"Why am I in prison?" Meems asked in a quiet, flat voice while pensively chewing on a tiny bite of a donut hole.
Huh?!
My brows wrinkled as I leaned in closer and asked, "What did you say, Mom?"
Again, flat and matter of fact. "Why am I in prison?"
Within a split second, I carefully overanalyzed her words.
Did she feel trapped inside her atrophied little body?
Had there been a brief clearing of the fog that swirls around in her cerebral cortex with bright rays of memory peaking through?
Has she had to spend on hour a day out in the "yard?"
Had her caregivers been dressing her in scratchy black and white striped pantsuits when I wasn't around?
Was her prison number 24601?
My thoughts traveled from the morose to the humorous quicker than a prison guard can slap on a pair of handcuffs. But, for the life of me, I just could not figure out why she thought that she was in prison.
Then, I saw the instigator of her confusion. The bedrail "bars." She was staring straight through them.
"Oh, Mom! You're not in prison! You're in your own room in "your" own house with your own furniture! Those are your bedrail bars not prison bars! This is definitely not prison!" I said trying to coax her back to the land of the free.
"What did I do to get here?" she asked.
I thought I ought not "go with" this strange line of thinking. I do roll with other things she thinks up like "Christmas is Tomorrow" and "I Need to Get a Job." But, prison? Nope. I repeated my reassurances.
"Well. The food is really good here," she murmured.
I was hand-feeding her donut holes - one donut hole equals 6 tiny bites - and, suddenly, I just couldn't resist temptation. "What do YOU think you did to get here?" Notice I didn't say something like "to get thrown into the clinker" or "to get sent up the river?" I tiptoed gently around the elephant.
I could tell that she was thinking carefully before she said, "I think I created something really bad."

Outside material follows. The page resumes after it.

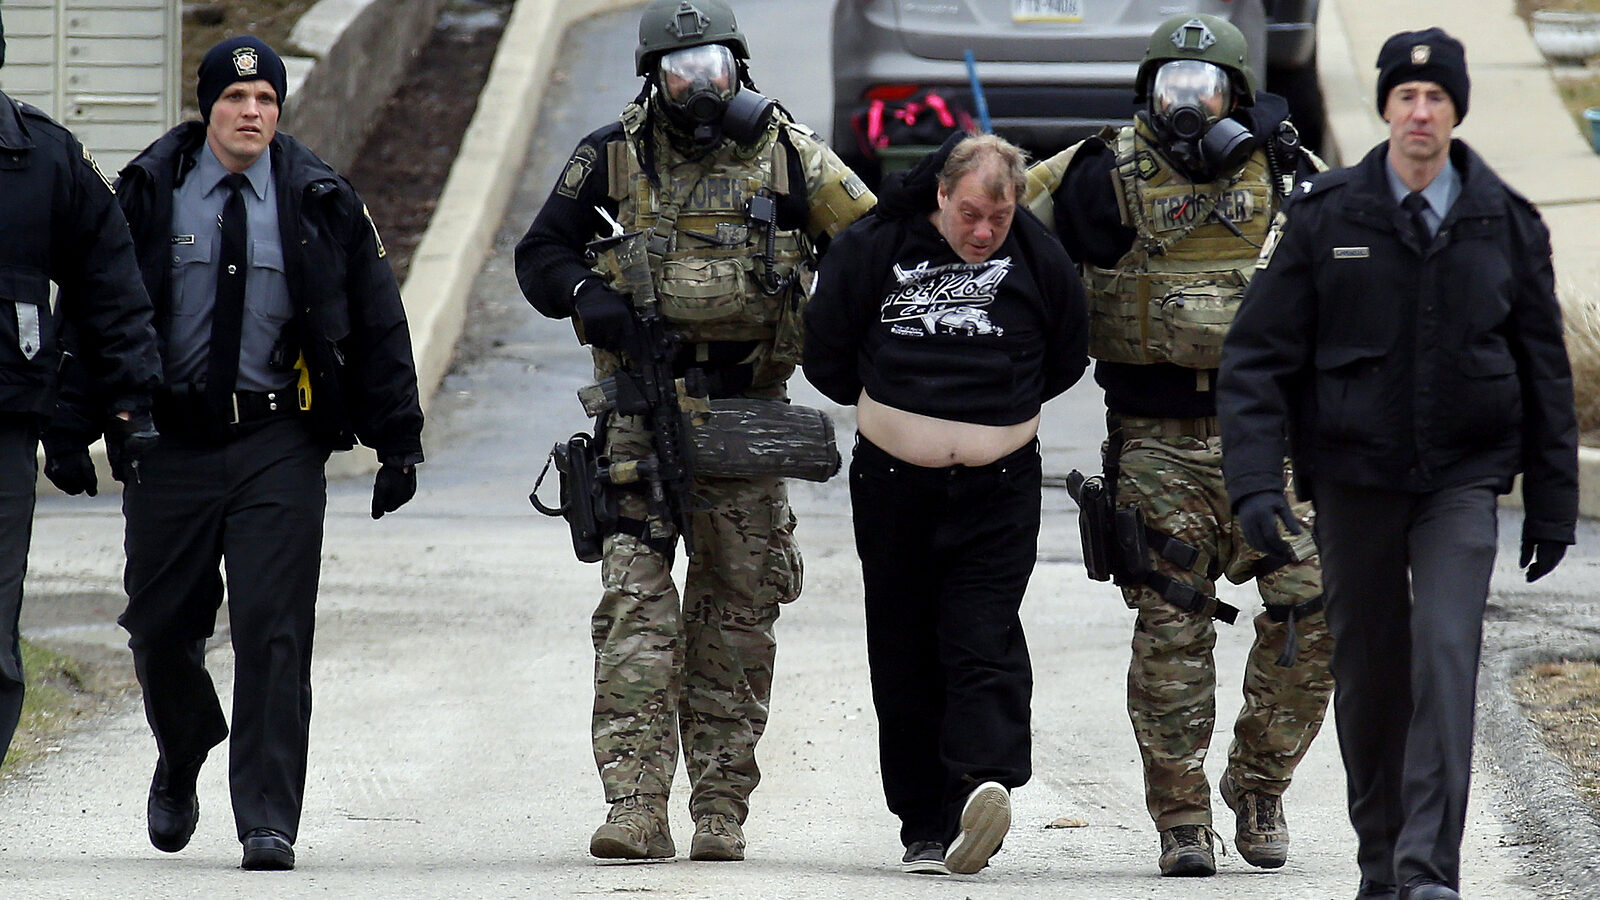 Police escort a suspected fugitive wanted in connection with a bomb threat after a tense eight hour standoff in Hempfield, Pa. The recent Planned Parenthood shooting in Co. resulted in police taking the conservative white male suspect alive causing many to question if race plays a role in who survives police staondoffs. (AP Photo/Keith Srakocic)
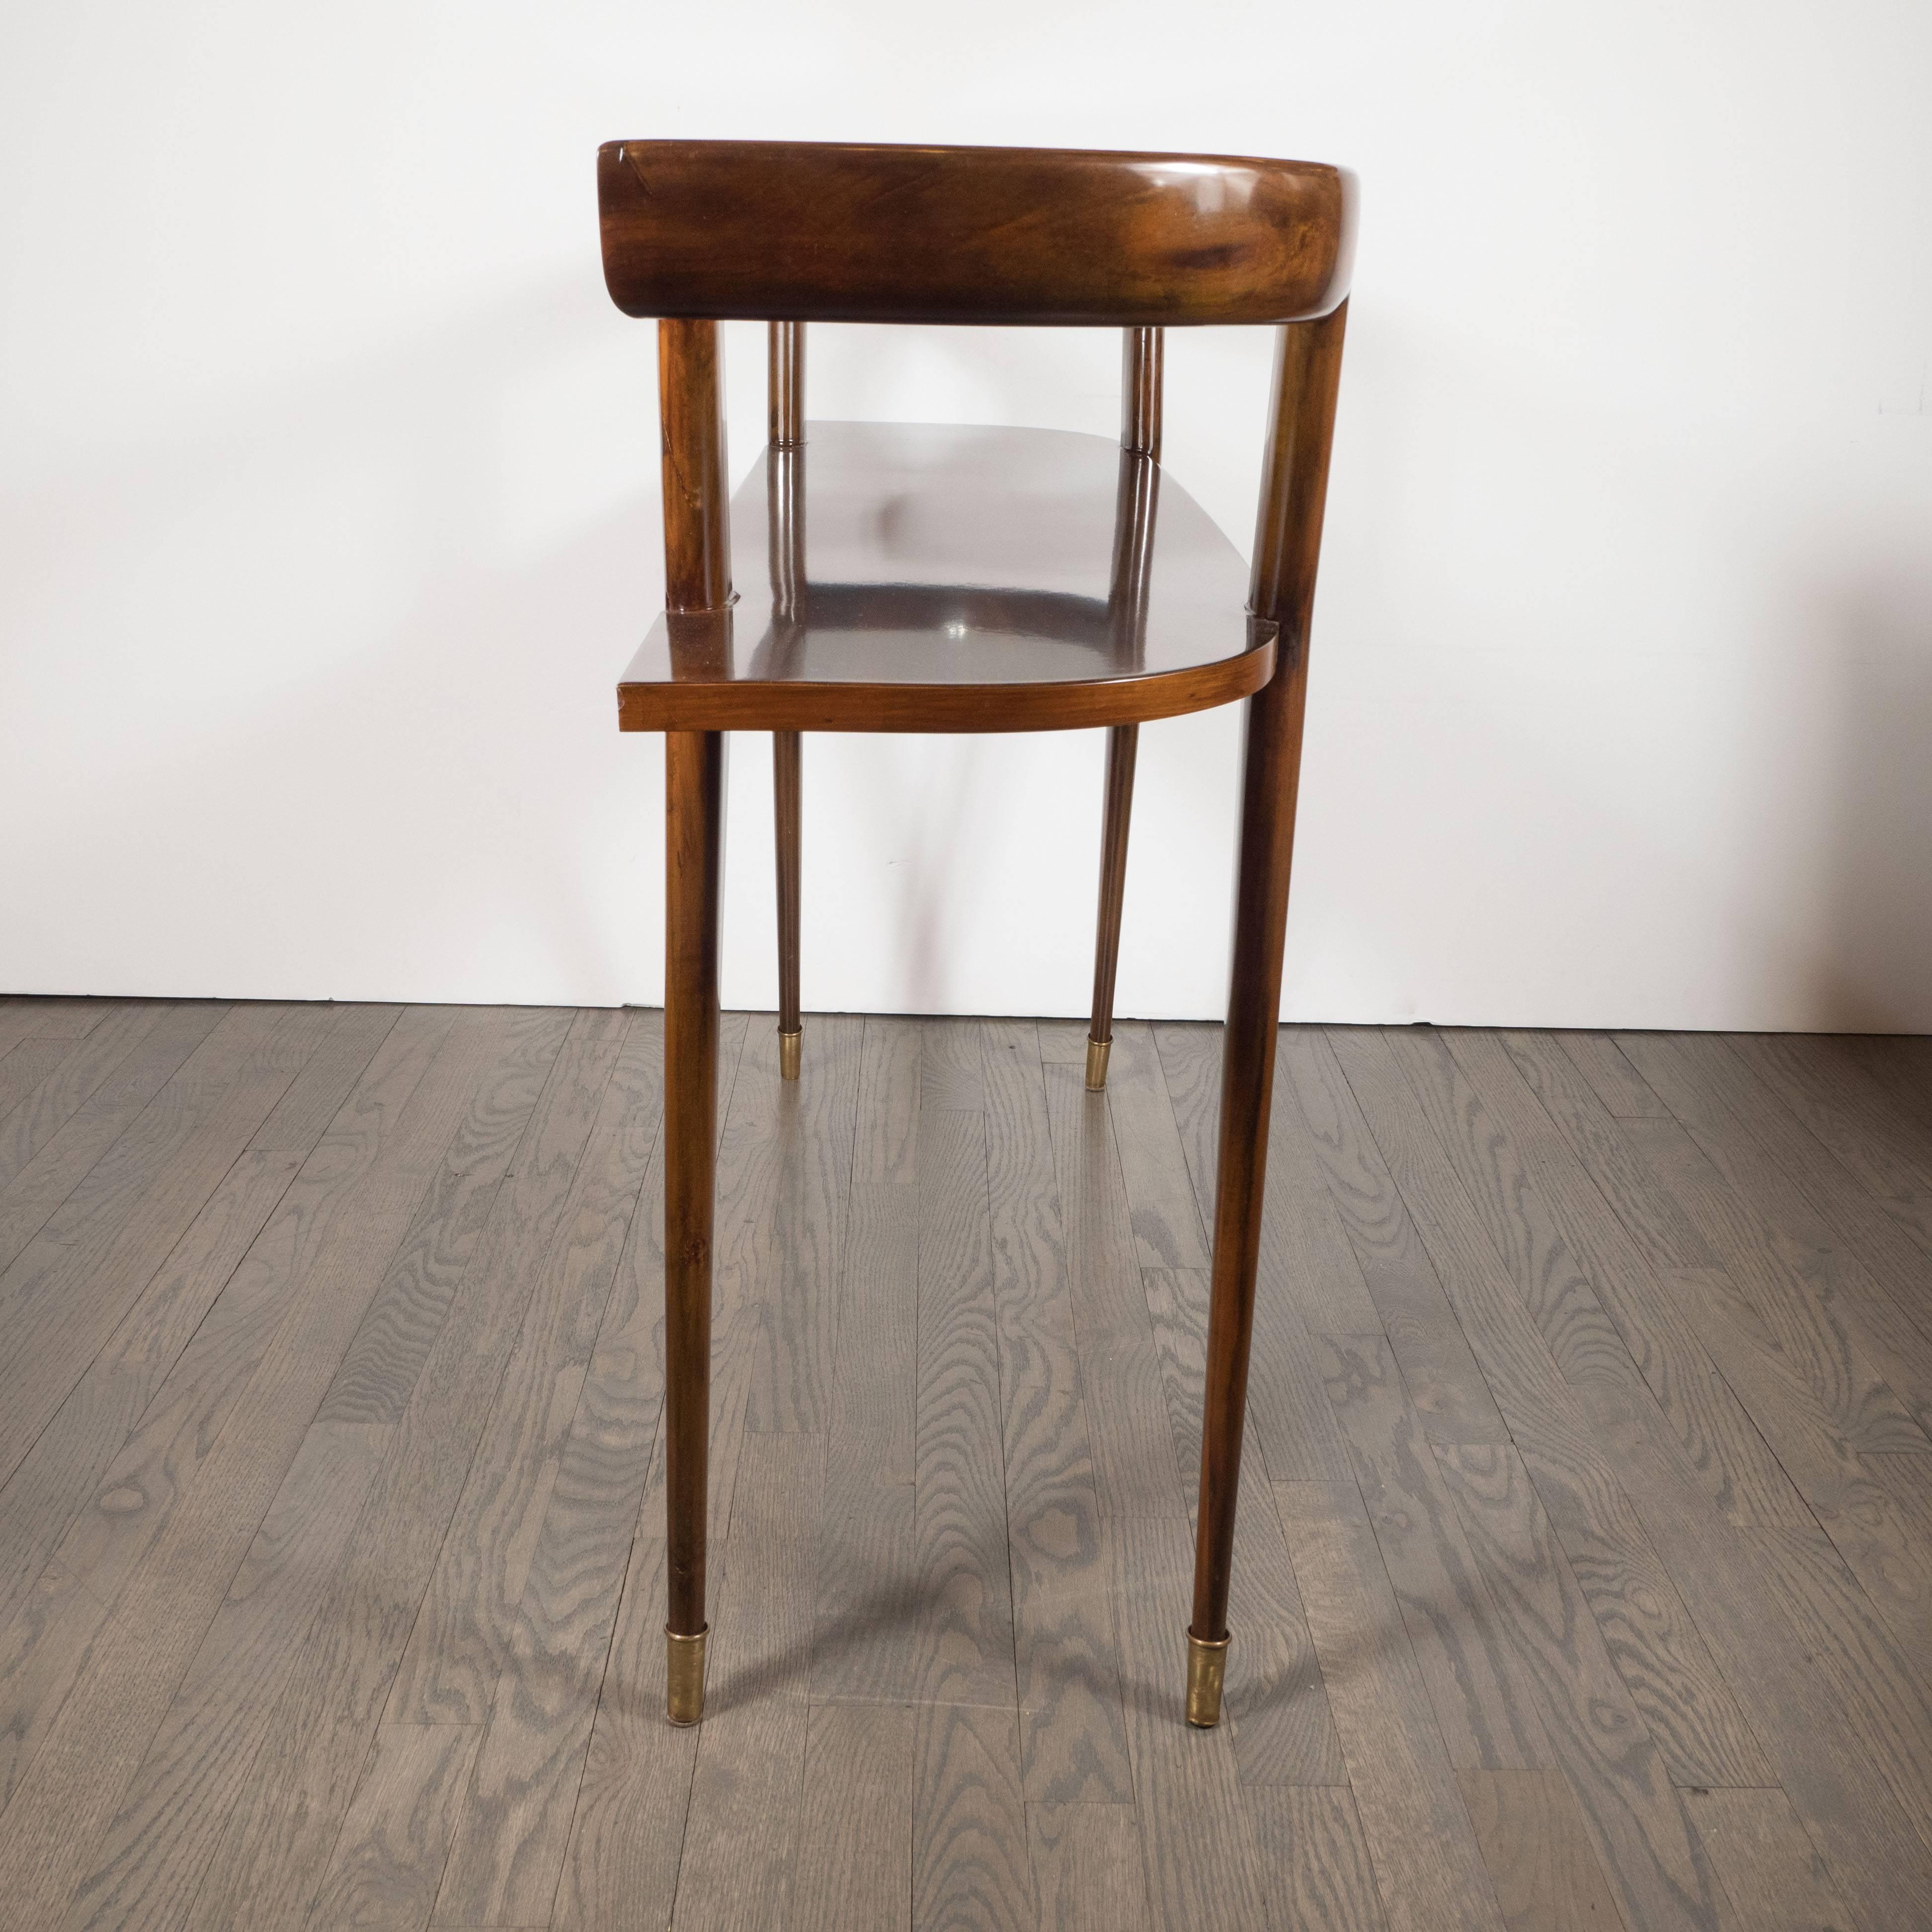 Mid-20th Century Sophisticated Mid-Century Modernist Console in Hand Rubbed Walnut and Glass

Hmm. Created something really bad. I HAD to ask. "Well, what on earth did you create?" Inside my head: A weapon of mass destruction? A plot to overthrow the government? An evil robot that fed on puppies, kittens and small children?"
"I can't remember," she whispered gazing absently through her prison bars. The blue print of her maniacal creation must have been erased from her psyche by a patriotic superhero seeking to protect planet earth.
I couldn't leave her like that - thinking she was in the pokey. I went back to pointing out all of the things that she wouldn't have if she was in prison: soft bed, floral curtains, her favorite painting.
Then, she zinged it.
"You can't know because you're not in prison," she said in the still quiet, flat voice.
"You've got me there. I'm not nor have I ever been in prison. I did get a speeding ticket driving down 98th Street a couple of months ago. But, try as I might, I can't know what it feels like to be behind bars."
Silence.
The funny thing was that she wasn't saying she in prison like it was a bad thing. Just a matter of fact thing. Meems. Meems. Meems.
About the time she finished her fourth and final donut hole (a grand total of 24 tiny well-chewed bites), I had convinced her that she was not in prison.
I kissed her goodbye and told her that I would be back tomorrow. Right as I reached the door of her cell...um, room...I heard her tiny voice say, "I'm really glad I'm not in prison."
"Me, too, Mom. Me, too."
Ninety-two year olds say the darnedest things.
I'm heading to the grocery store to buy a Betty Crocker white cake mix and a nail file. Just in case.